I should add that, yes there is such a term as "autoandrophilia," though Blanchard doesn't seem to think that exists. In a 2013 Vice interview, Blanchard stated, "I proposed it simply in order not to be accused of sexism."
In this notion of "autogynephilia," trans lives are stripped of legitimacy. Even though Blanchard has generally supported genital reconstruction surgeries for transsexuals, this notion of trans identity being little more than a fetish over having a female body — or, of course, wanting surgery to "fool straight guys" — says that the lived experiences of a lot of transgender people is to be discounted.

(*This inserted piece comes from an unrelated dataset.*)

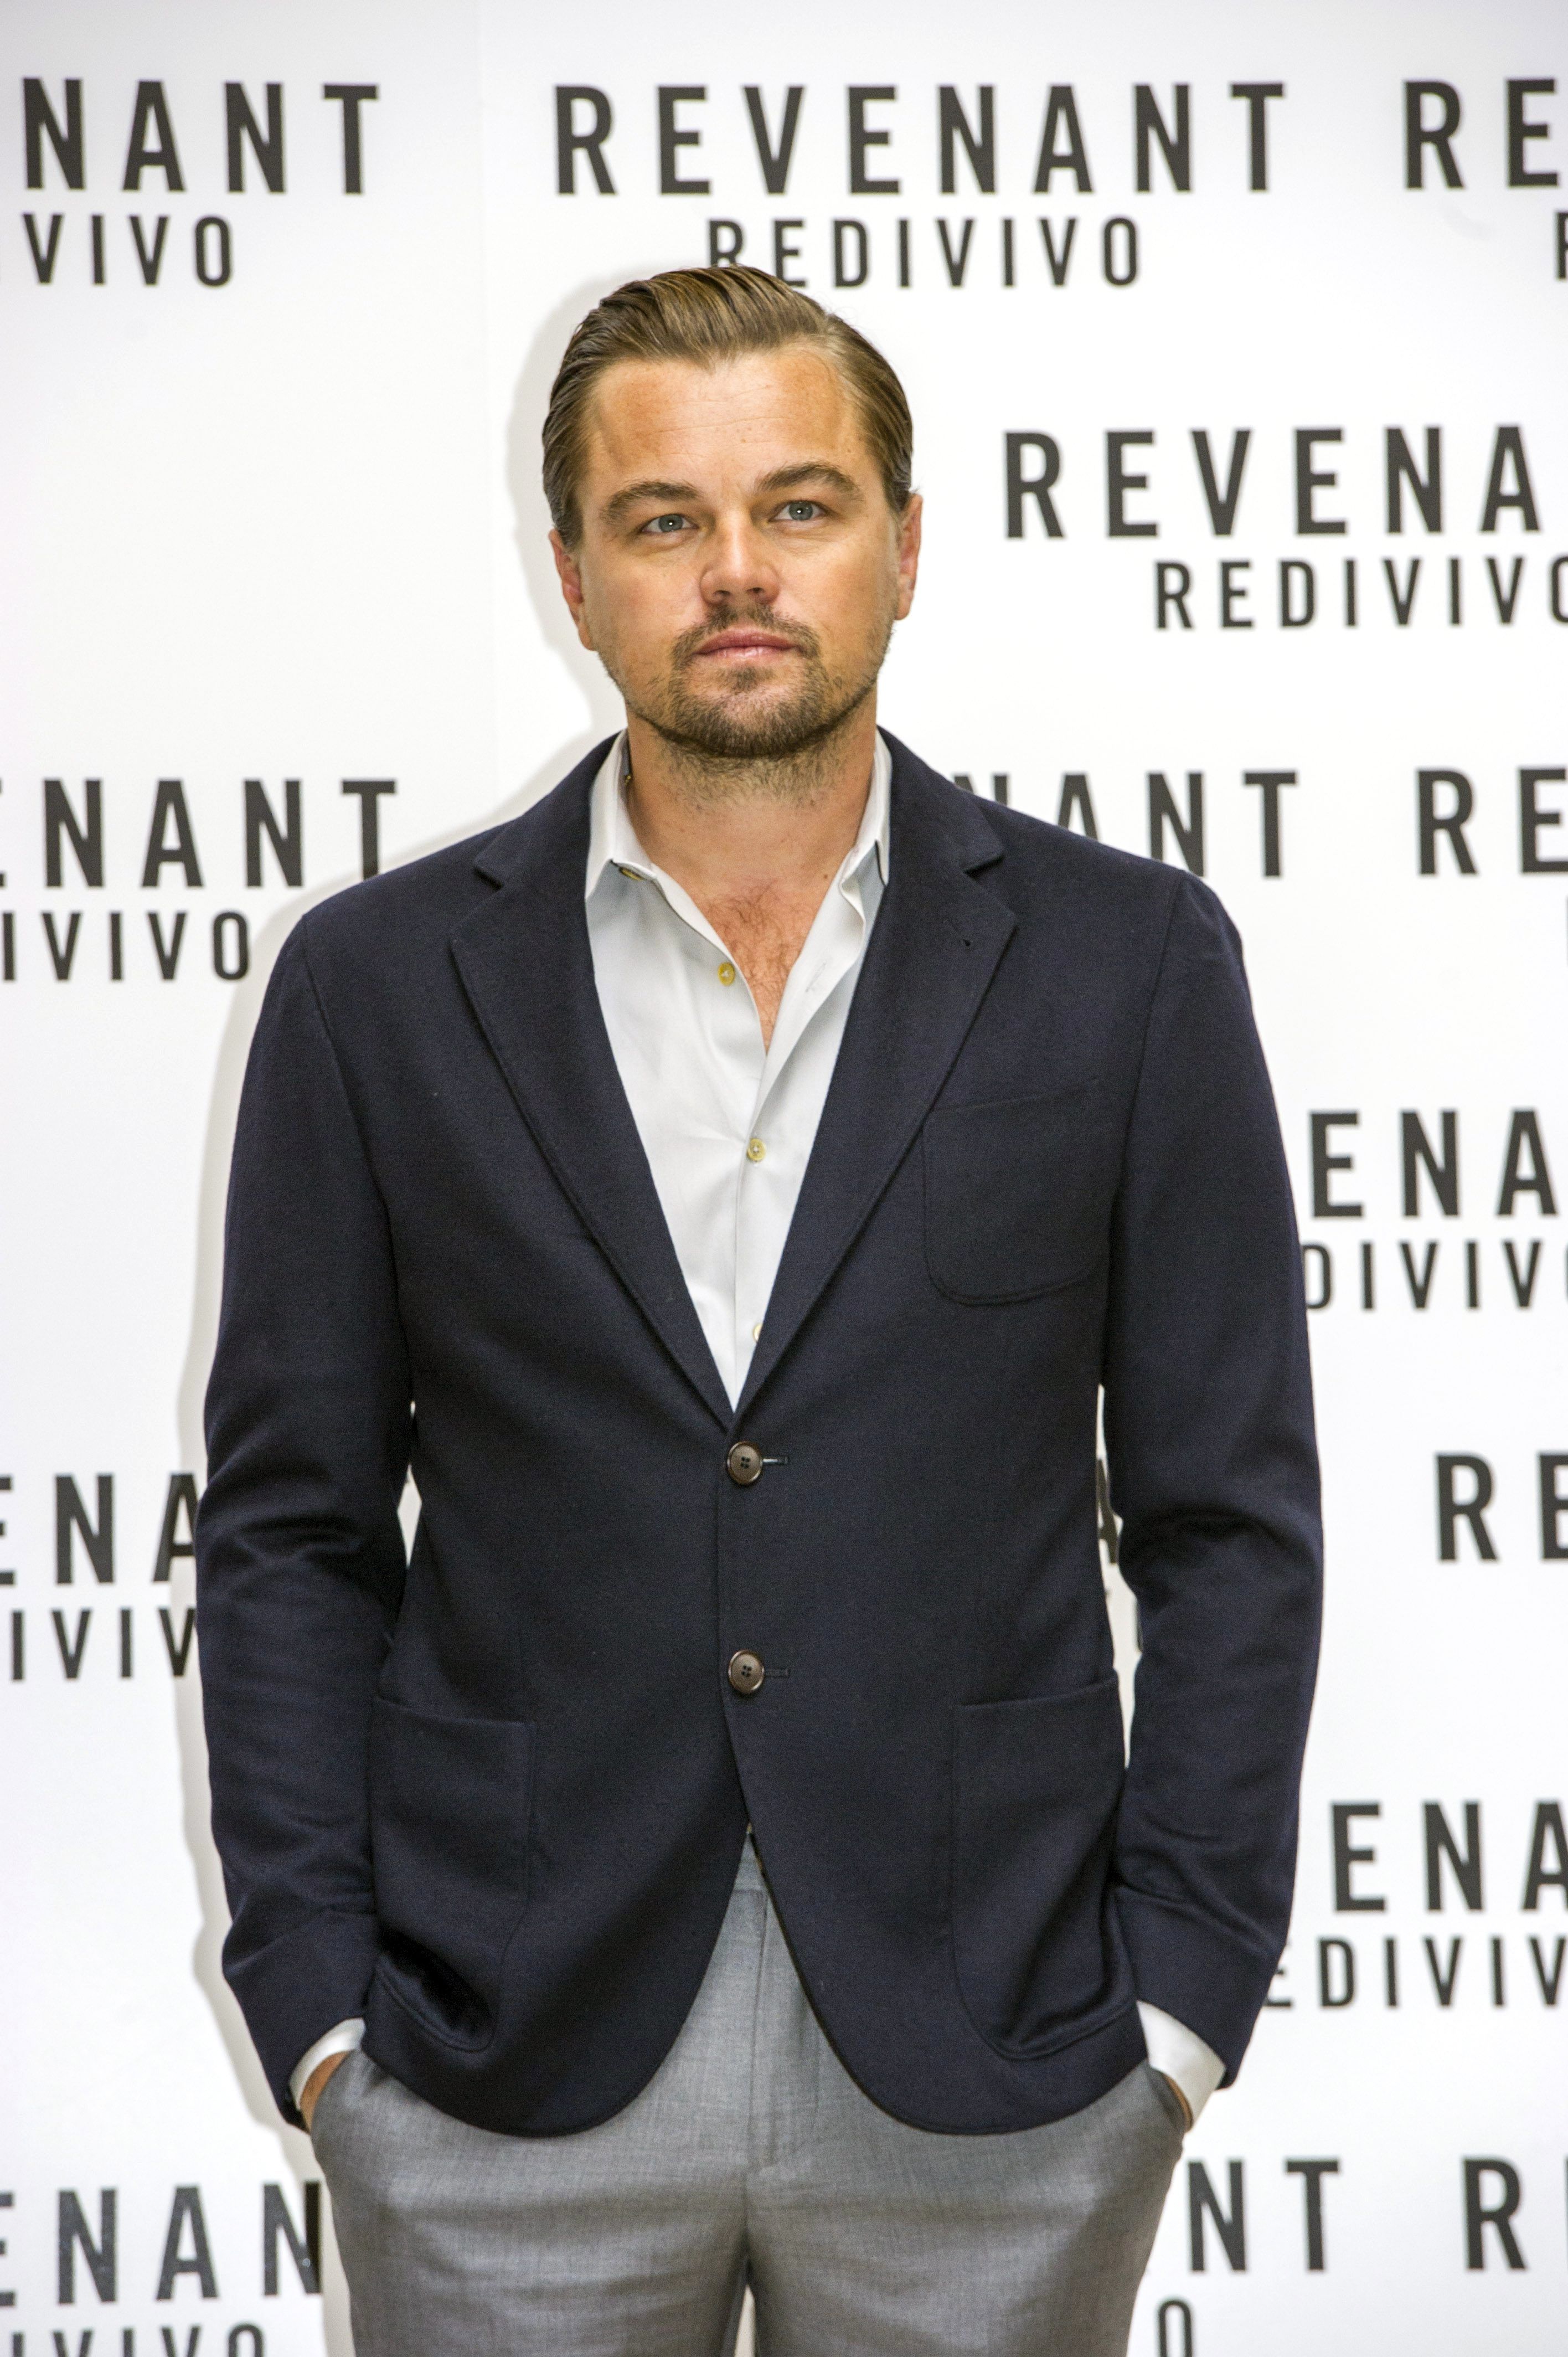 10 Things You Didn’t Know About Leonardo DiCaprio

"An autogynephile does not necessarily become sexually aroused every time he pictures himself as female or engages in feminine behavior, any more than a heterosexual man automatically gets an erection whenever he sees an attractive woman," said Blanchard in the Journal on Sex and Marital Therapy in 1991. "Thus, the concept of autogynephilia — like that of heterosexuality, homosexuality or pedophilia — refers to a potential for sexual excitation."
In short, it doesn't matter if you actually got sexually excited, but you might have.
These same standards are not applied to non-transgender people, mind you. When a somewhat limited test for "autogynephilia" in non-transgender women was administered in 2009, it put forth that "autogynephilia" is simply too broad to be taken seriously, and only exists to negatively portray transgender people as fetishists.
One more thing: I mentioned that whole bit above about wanting medical transitions in order to "fool men." What Blanchard and many others are saying here is, again, that we're here to deceive you, rather than showing you who we truly are. I'd be remiss to mention that this assumption of transgender deception is the exact same thing that crops up in a majority of anti-transgender murders.
Yet when we tell you we are male or female, we are being honest: this is who we are, the real us. Understand that, and you've taken a step into deeper understanding of what it means to be trans.